Research Briefing
| Feb 21, 2025
Industrial electricity prices to ease in 2025, but uncertainty is high
Despite the recent uptick in wholesale electricity prices, we expect to see industrial electricity prices in Europe fall slightly through 2025. The declines will be driven partly by the delayed pass-through to industrial retail prices of wholesale electricity price declines experienced last year.
What you will learn:
- Across Europe, we think the scope for industrial electricity price reductions in 2025 are greatest in Germany. A relatively high share of long-term contracts in the German electricity sector, together with recent reductions in electricity taxes, means more energy price declines will feed through this year as new contracts are negotiated.
- Declines in industrial electricity prices through 2025 should reduce cost pressures in highly energy-intensive sectors where output remains weak, allowing for a partial output recovery.
- There is a high degree of uncertainty in European energy markets, and risks to prices are tilted towards an increase.
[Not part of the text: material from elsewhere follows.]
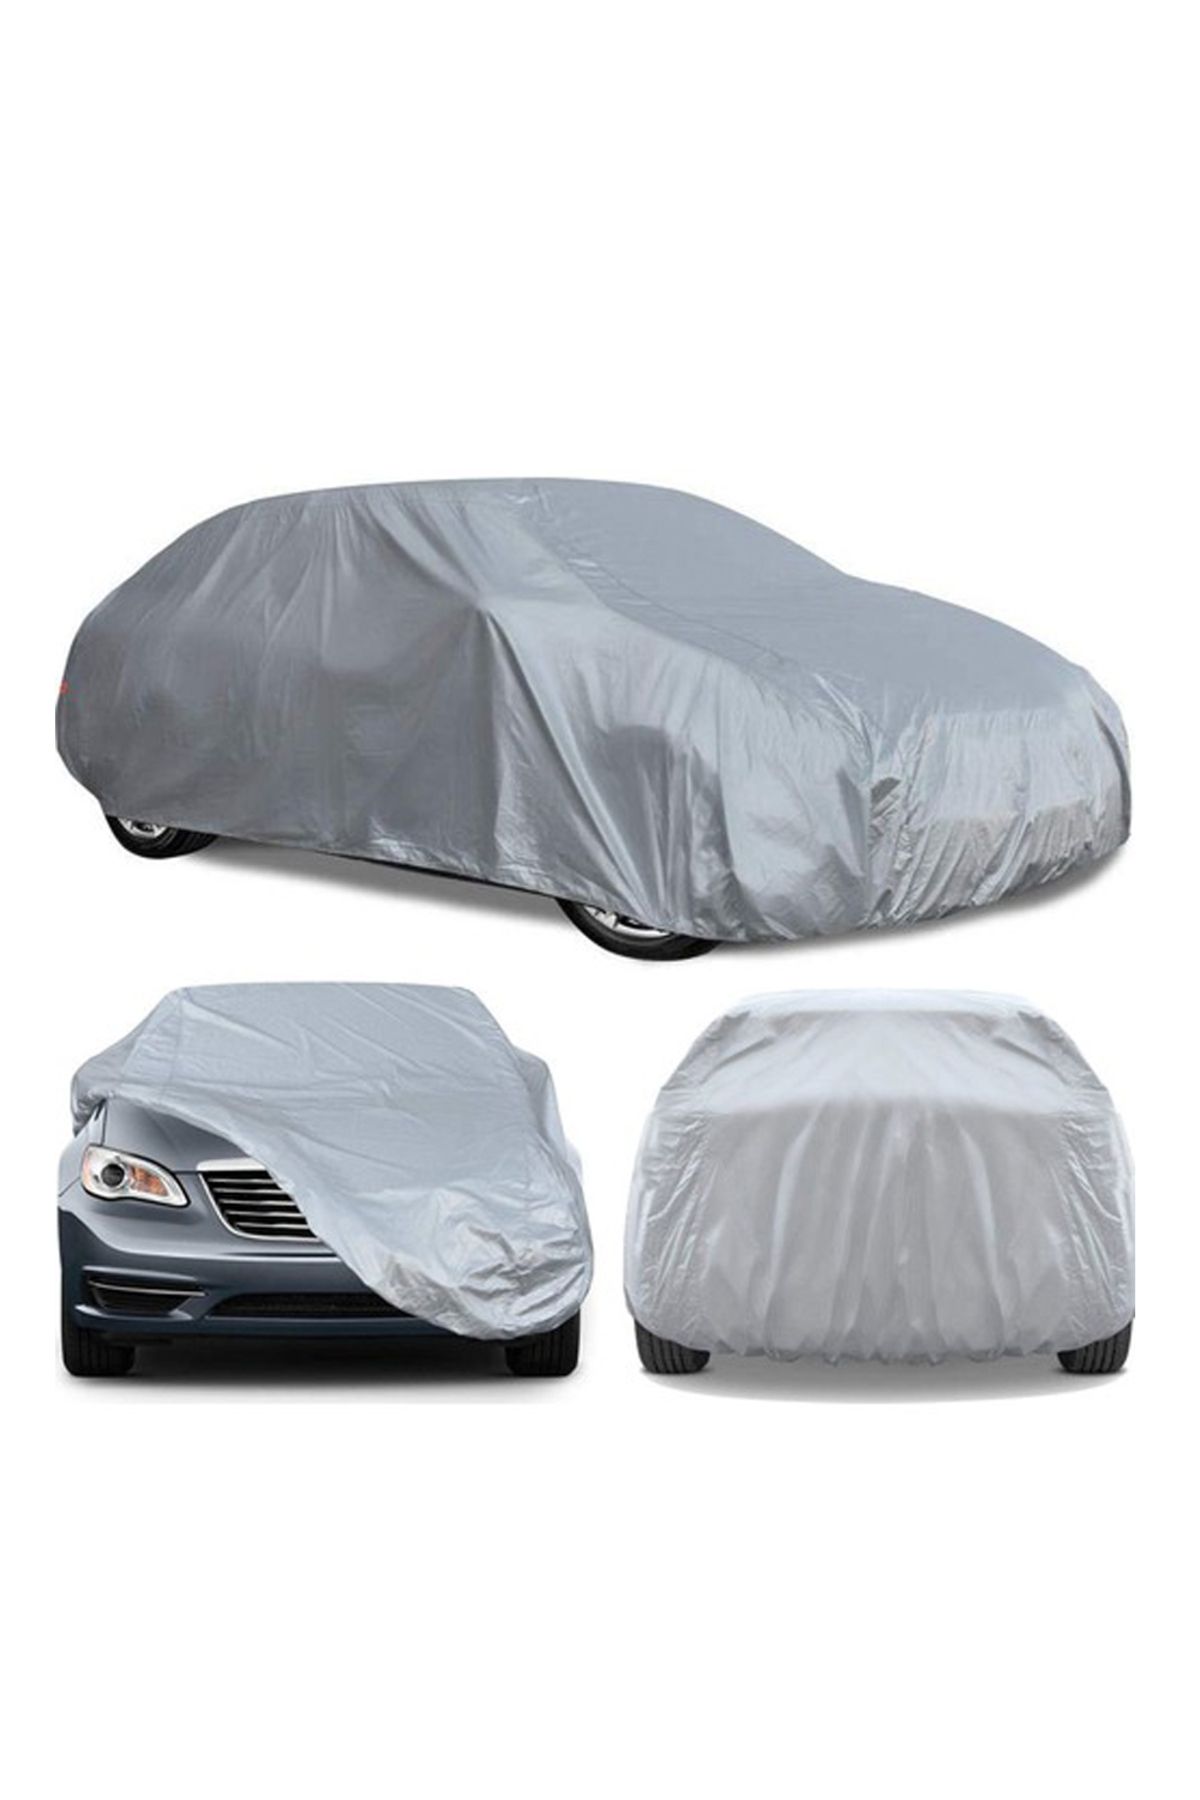 AutoZEL Chevrolet Spark Miflon Car Cover Waterproof (2005-2009
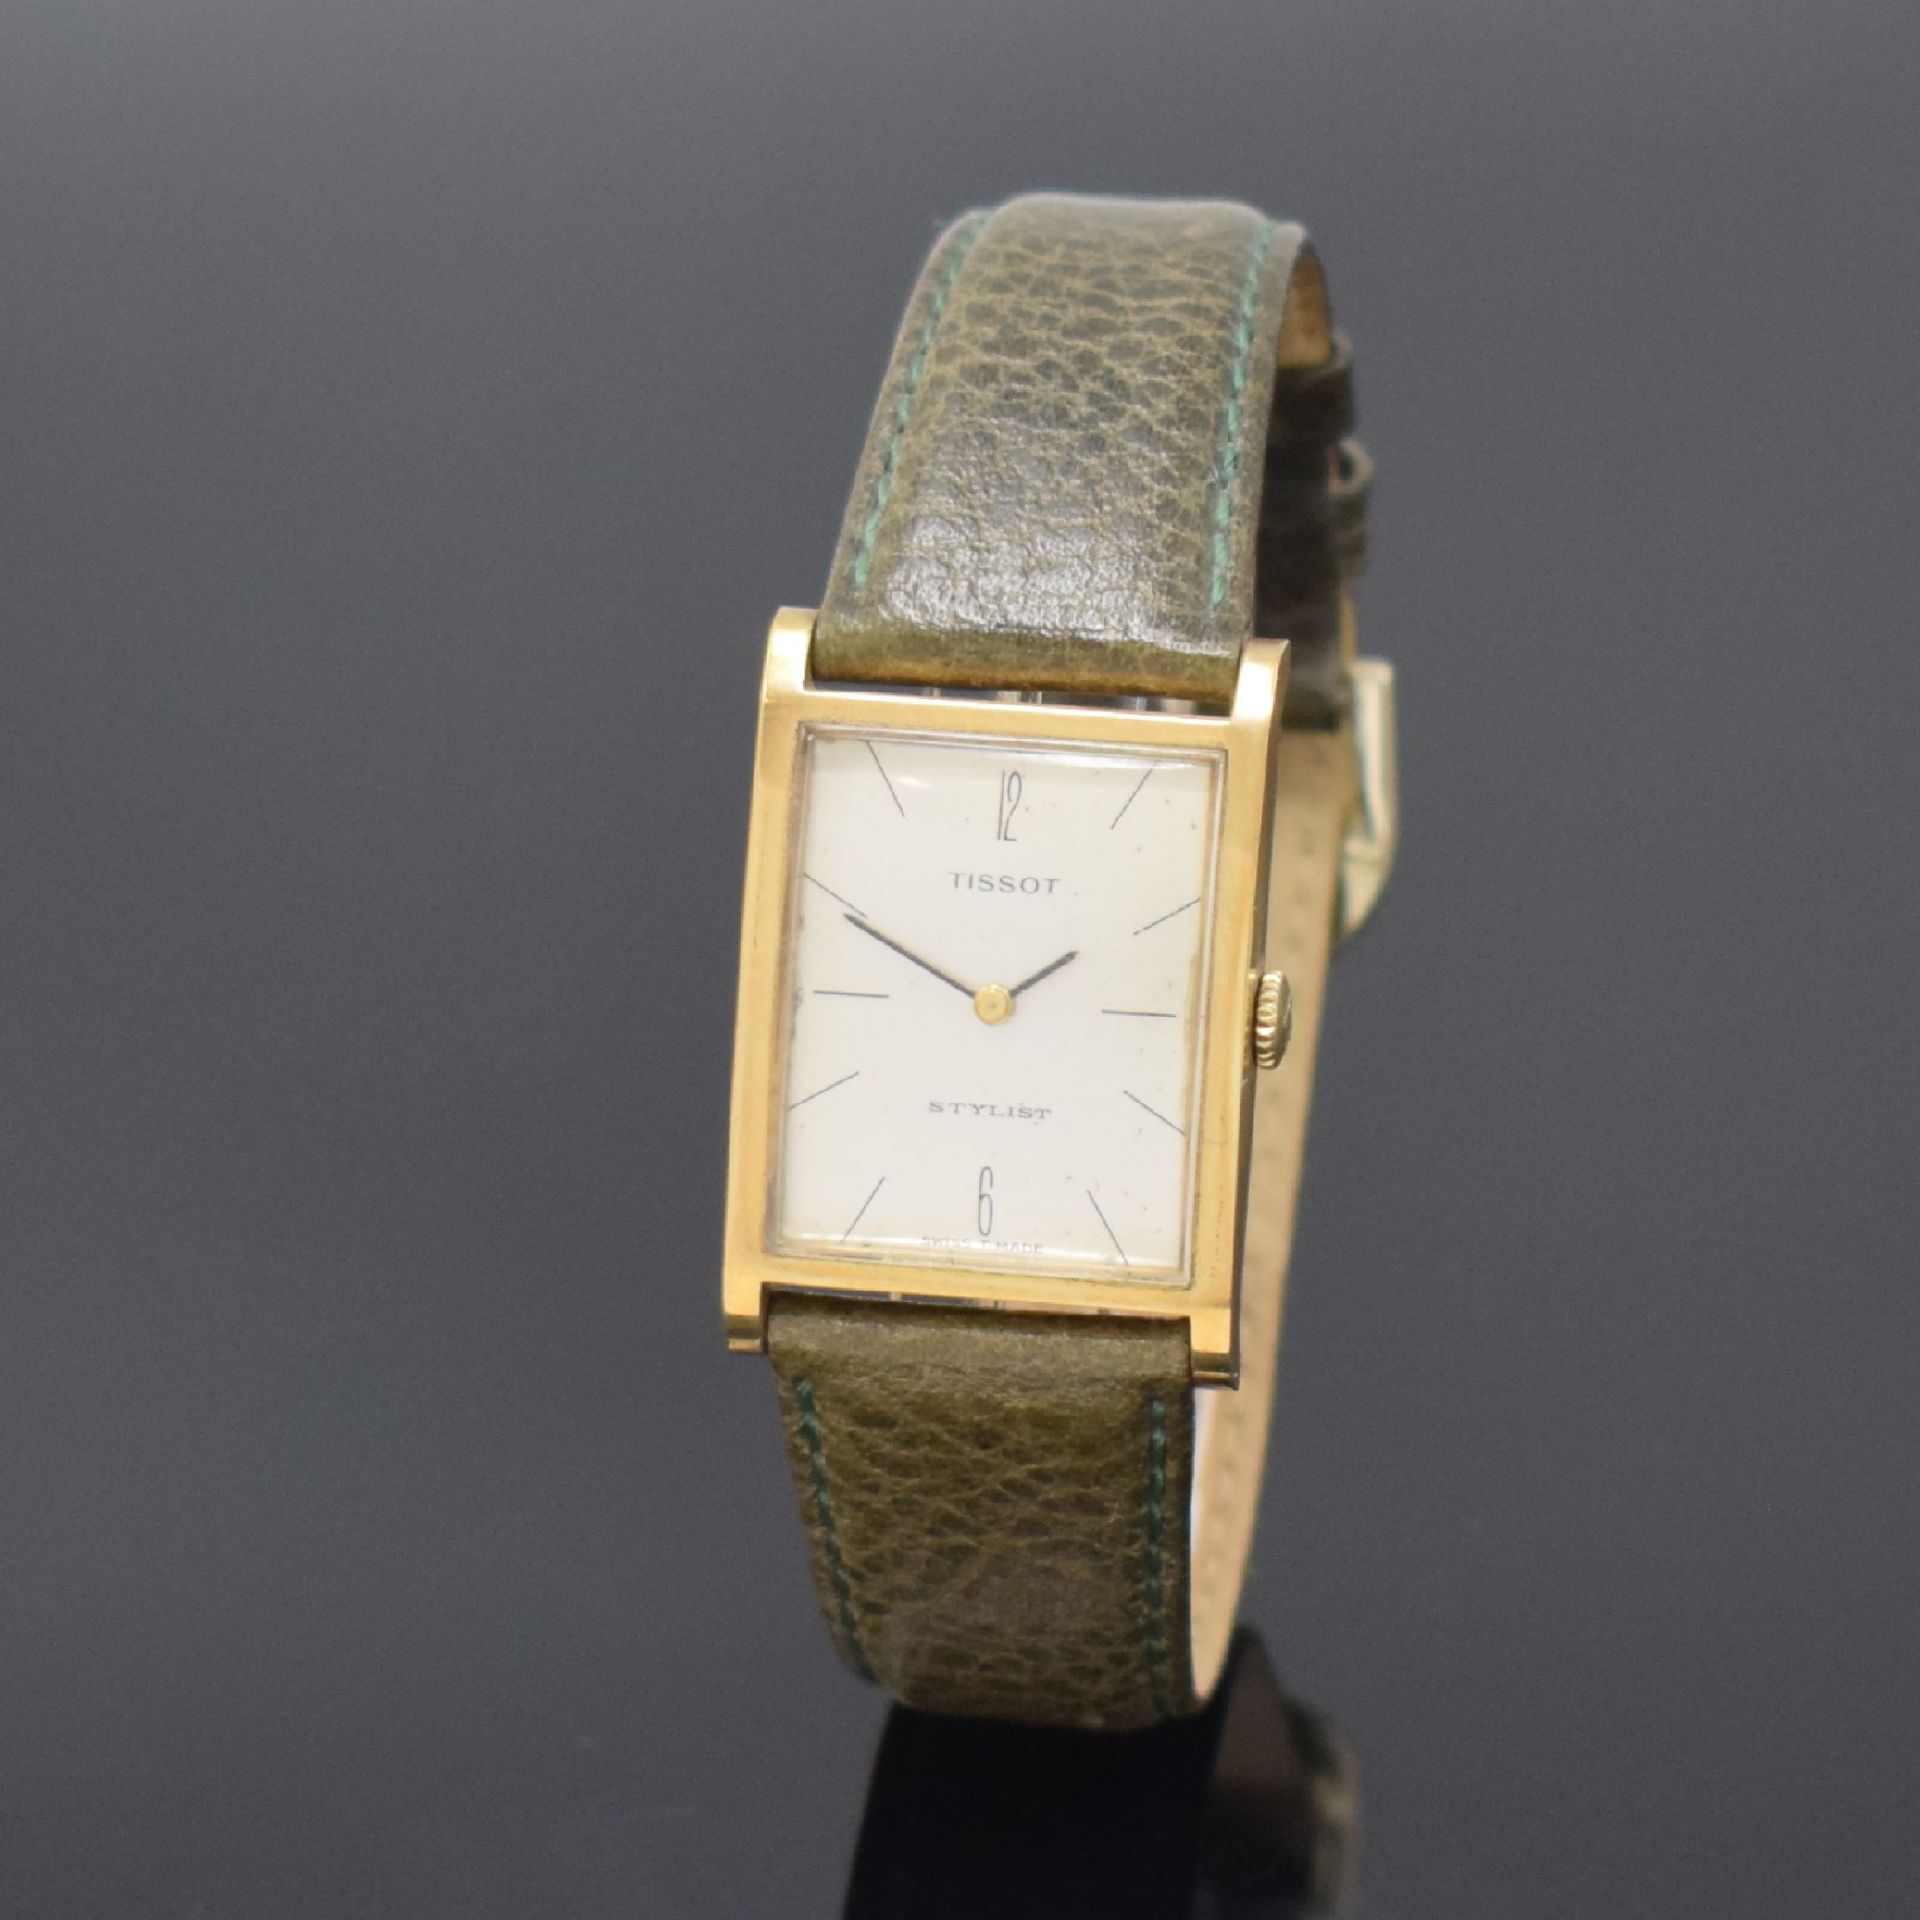 TISSOT Stylist Armbanduhr in GG 585/000, Schweiz um 1965,

While our baseline forecasts suggest wholesale prices will recede through the year, should they remain higher-for-longer, it could push up industrial retail prices later in the year and therefore delay the recovery for energy-intensive sectors of the economy.
- Even with the declines in our baseline, European electricity prices will remain structurally elevated relative to the pre-energy-crisis period. As a result, some sectors like, chemicals, face permanent output losses.